1. Denying that he is having an affair. 2. Having 2 cellphones. One I know about and the other one I’m not suppose to know about. 3. When I call him on his cell phone, he takes a while to answer. His excuse is his phone was charging. 4. He will not admit that he is cheating. 5. He had a number of blocked numbers on his cell phone bill. I found out the numbers but he never admitted that he was cheating. 5. He uses the pay phone to call hi women.

Coping with Infidelity: When to “Let Go”

Should I stay or should I go? And, when will I know when to go? Can this marriage be saved? When will I know it’s salvageable?

These are pressing and legitimately powerful questions when coping with infidelity.
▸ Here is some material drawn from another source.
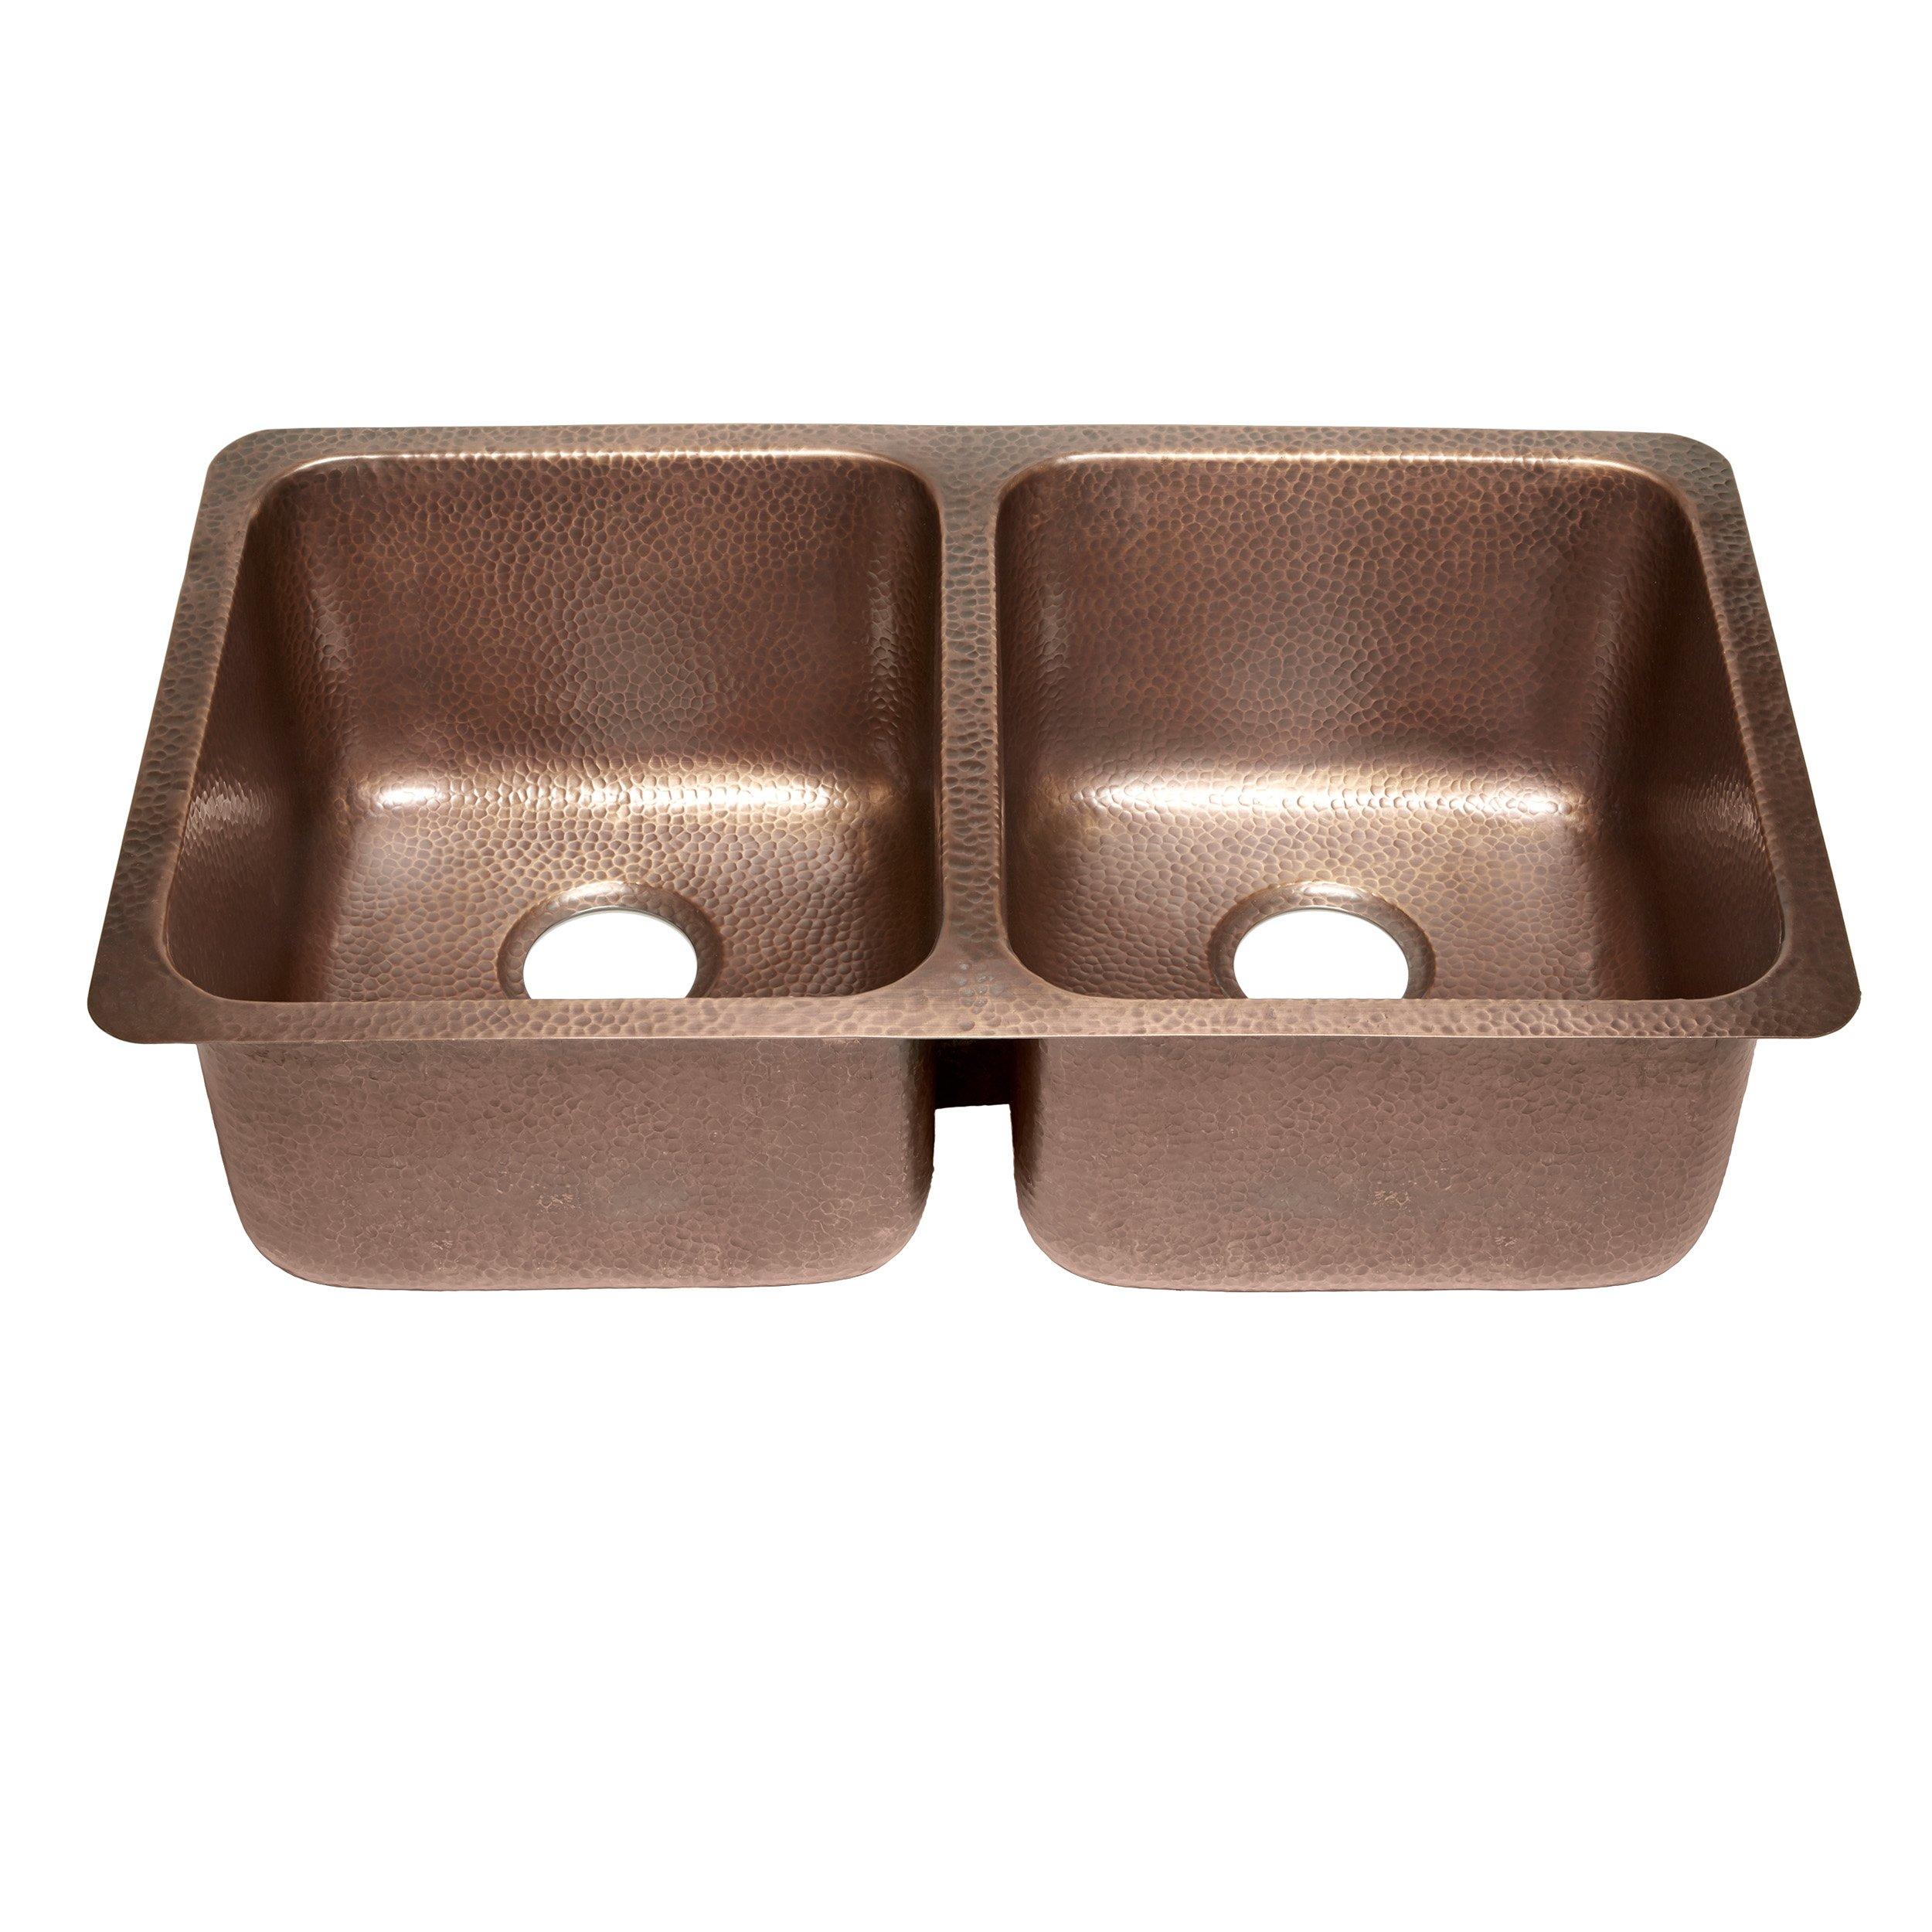 Sinkology SK204-32AC Rivera Luxury Series Undermount Handmade Pure Copper Double Bowl Kitchen Sink, 32-1/4'', Antique Copper

Part of the task is identifying the markers along the way that tell you when the relationship is beyond repair.

Read this case study:

My wifes father died of cancer 30 days following diagnosis. She spent these days renewing a past friendship with her step brother, that eventually turned to a relationship where she came to me 6 months later to acknowledge she loves him. My immediate response was to close the door, that this was not repairable with her family and all. She begged me to hang in there and give her time to sort these feelings out. I decided to do this based on some understanding I had from your book. I did everything I could to “backoff” and give her the space she needed to sort herself out for 8 weeks. Following that I was getting very tired of the roller coaster weeks and knowing that every step forward she would make toward us, she would take two steps backward for him. I’ve felt like I am the only person actually trying to work on this. I made a decision then to allow her some additional time to allow us the opportunity to sort our finances in the even of a divorce and with that we talked allot better. She told me she was planning to fly and see him (he lives 1500 miles away) and I told her this was unacceptable and too painful for me to even comprehend. She went in spite of my feelings and following the weekend, I determined it needed to end. My closure has come from the question I asked her “will you ever be able to end this with him?” – she could not answer this question. I honestly believe I have done everything I could within my will to try and save what I felt was a great marriage with some issues. We are getting ready to meet for a final “get on the same page” meeting, and all I can still think about is ways to save this marriage. I cant help but feel this relationship originated for wrong reasons based on her love for him as a brother, but know now that her decision to fly and see him in spite of my knowing and hurt is bigger than a case of misguided feelings through the course of grieving a father. I know this has little to do with your question, but I felt like telling the story. Thanks for your help.